In high speed (350 Mbps) wireless network, the CISCO 3925 will sustain a deployment. CISCO SG550XG-24F, however, will continue with the speed from support fibers and routers. CISCO SG 550X-48P, on the other hand, enables the need for expansion of CPs in the computer lab and library and even extension to a VoIP system since they get powered over Ethernet cables instead of buying power supplies for the VoIP phones, thus reducing the installation cost.

Logical network topology

Logical network topology will be the priority in the logical design phase. For the system to satisfy its users’ needs of adaptability and scalability, it is essential that a logical topology is designed before selecting the required network devices (Angskun, Bosilca, & Dongarra, 2007). During the topology design process, the network devices and interconnection points, the types of networking devices and network size and scope are majored on and not the actual devices (Kulkarni & Hsu ,1998). The diagram in figure 2 represents the advanced hierarchical based logical network topology design for the University of Wollongong.

Justification

Many routers are added to ensure that on the off chance that one fails, the remaining routers will keep running and serve the network. Therefore, the logical model shown above will create link and device redundancy thus making the system scalable.Network Addresses.

Sub-netting

Sub-netting refers to the process of fragmenting a large system into smaller networks called subnets. It occurs when the default boundary of subnet masks are extended. Frequently, it involves borrowing host bits to create the sub-nets (Rekhter, & Li, 1993). There are three main classes supported by IP addressing; the categories include the classes shown in table 1.  

IP Address Class

Range

 A

1 - 126

 B

128 - 191

 C

192 - 223

Three-Layer Hierarchical Model

Table 1: Address classes and their respective decimal range

The classes have their predefined subnet mask showing the octets which are part of the portion of the network and the bits which are available for hosts (McPherson, & Dykes 2001). The subnet mask of Class A is 255.0.0.0, meaning that the first octet has all on (denoted by 1) bits represented by /8 in slash notation.
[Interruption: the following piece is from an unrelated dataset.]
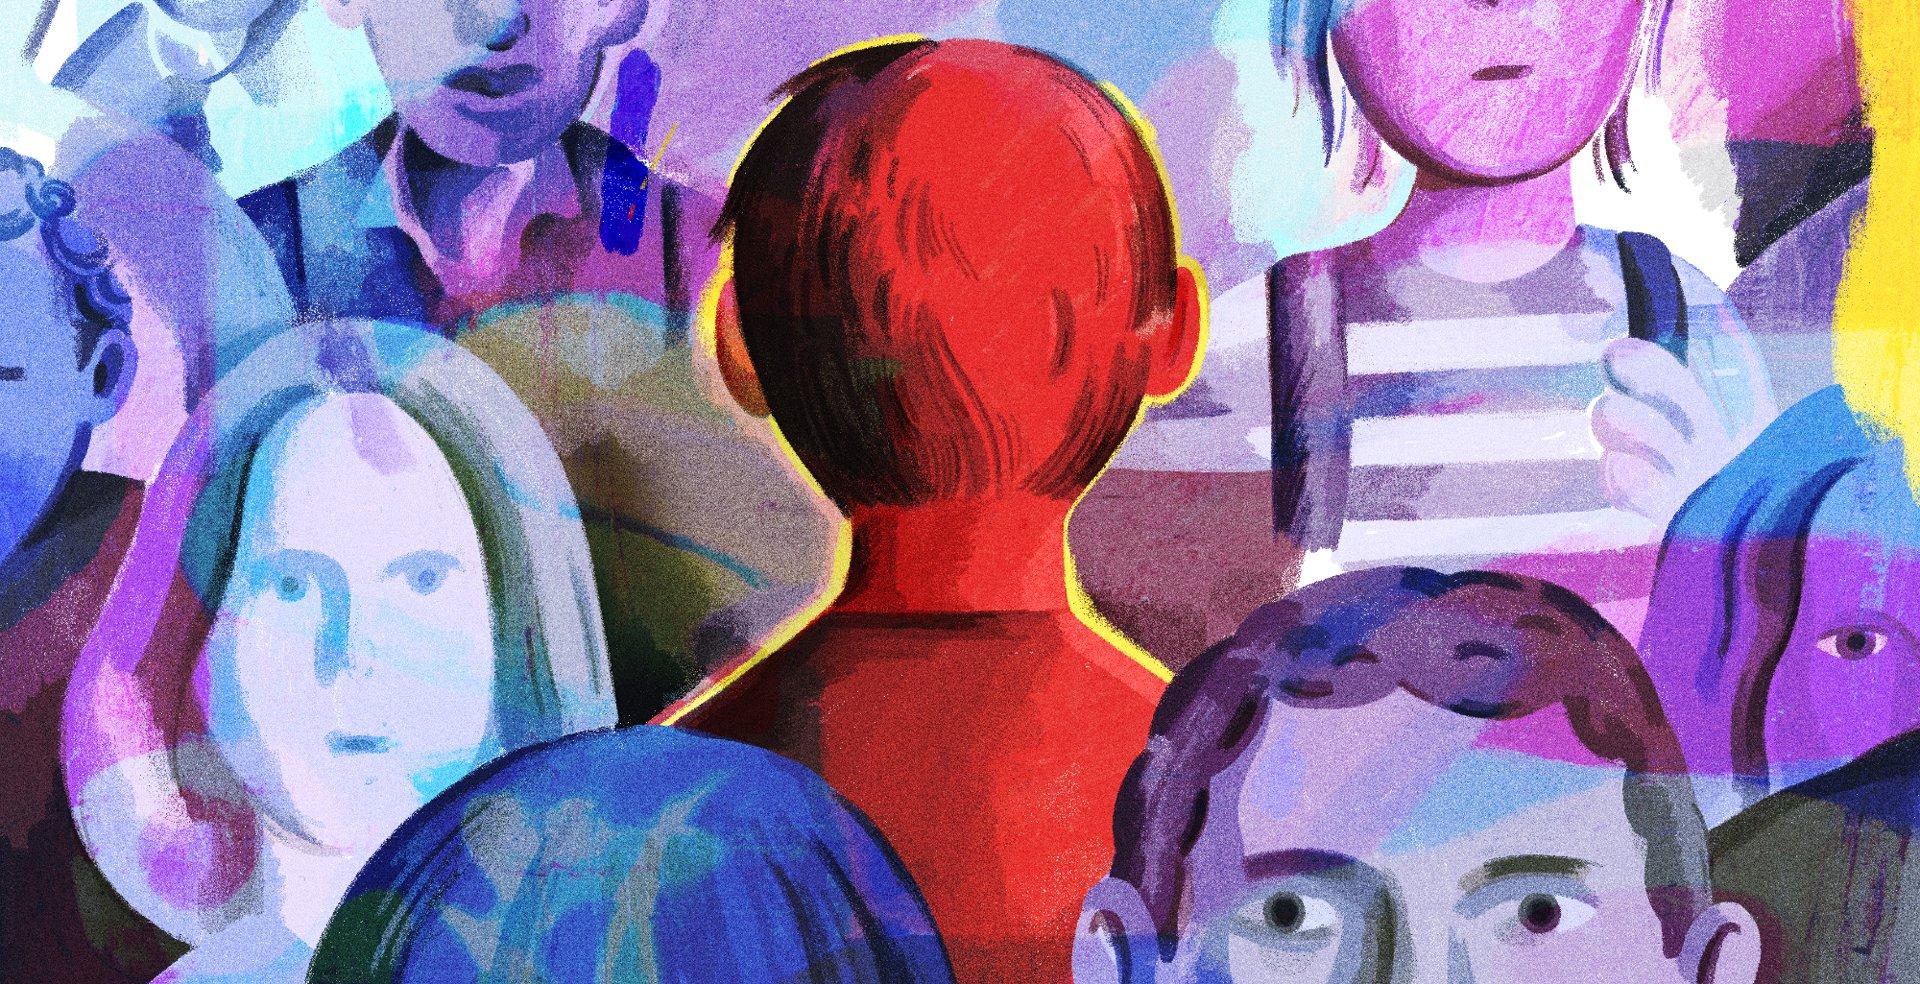 مزایای هنردرمانی و نقاشی در مورد پیشگیری از سرطان!

Class B, however, has 255.255.0.0 as a default subnet mask. This implies that there are all on bits in the first two octets of the subnet mask meaning that the address has 16 on bits. The subnet mask of class C is 255.255.255.0, meaning that the first three octets have all on bits.

Scenario

As aforementioned in the business needs of the current IT infrastructure components required, the organization has four computer labs each housing 31 computers and a server with a separate computer lab for research having 40 computers with one server. There is also a student center and some sitting areas for high traffic. These areas will have a server and 250 hosts, the organization’s Library will also have one server and 15 computers. The institution also has faculty offices and administration which are expected to house four servers and 60 computers. This network will be assigned 174.16.5.0 IP address and create a total of six subnets as table 2 shows.

IP Addresses

The system will use the wireless network in the student center and sitting position thus IP addresses will get changed from the wired network to wireless network using DHCP set up of the primary router. Table 2 shows the proposed subnet addresses for the organization. All the subnet masks will be Class C including the public network in the student center and sitting areas.

Subnet description

Number of Computers/hosts

Subnet Mask

IP Address

Computer Labs

124

255.255.255.128

174.16.5.0/25

A separate Computer Lab

40

255.255.255.192

174.16.5.32/26

Library

15

255.255.255.240

174.16.5.64/28

Faculty offices

50

255.255.255.192

174.16.5.96/26

Administration

10

255.255.255.240

174.16.5.128/28

Student center and Sitting positions

250

255.255.255.255

174.16.5.160/32

Table 2: IP Addresses list

  1.    Cloud-based design proposal

The University of Wollongong needs to adopt virtualization and cloud computing to host some of their applications. Cloud storage solution allows facilities to expand enabling organizations to scale their infrastructures and save the space for hosting physical servers (Stergiou, Psannis, Kim, & Gupta, 2018). This report proposes two good cloud data storage companies that would meet the organization’s needs based on the experience of various users.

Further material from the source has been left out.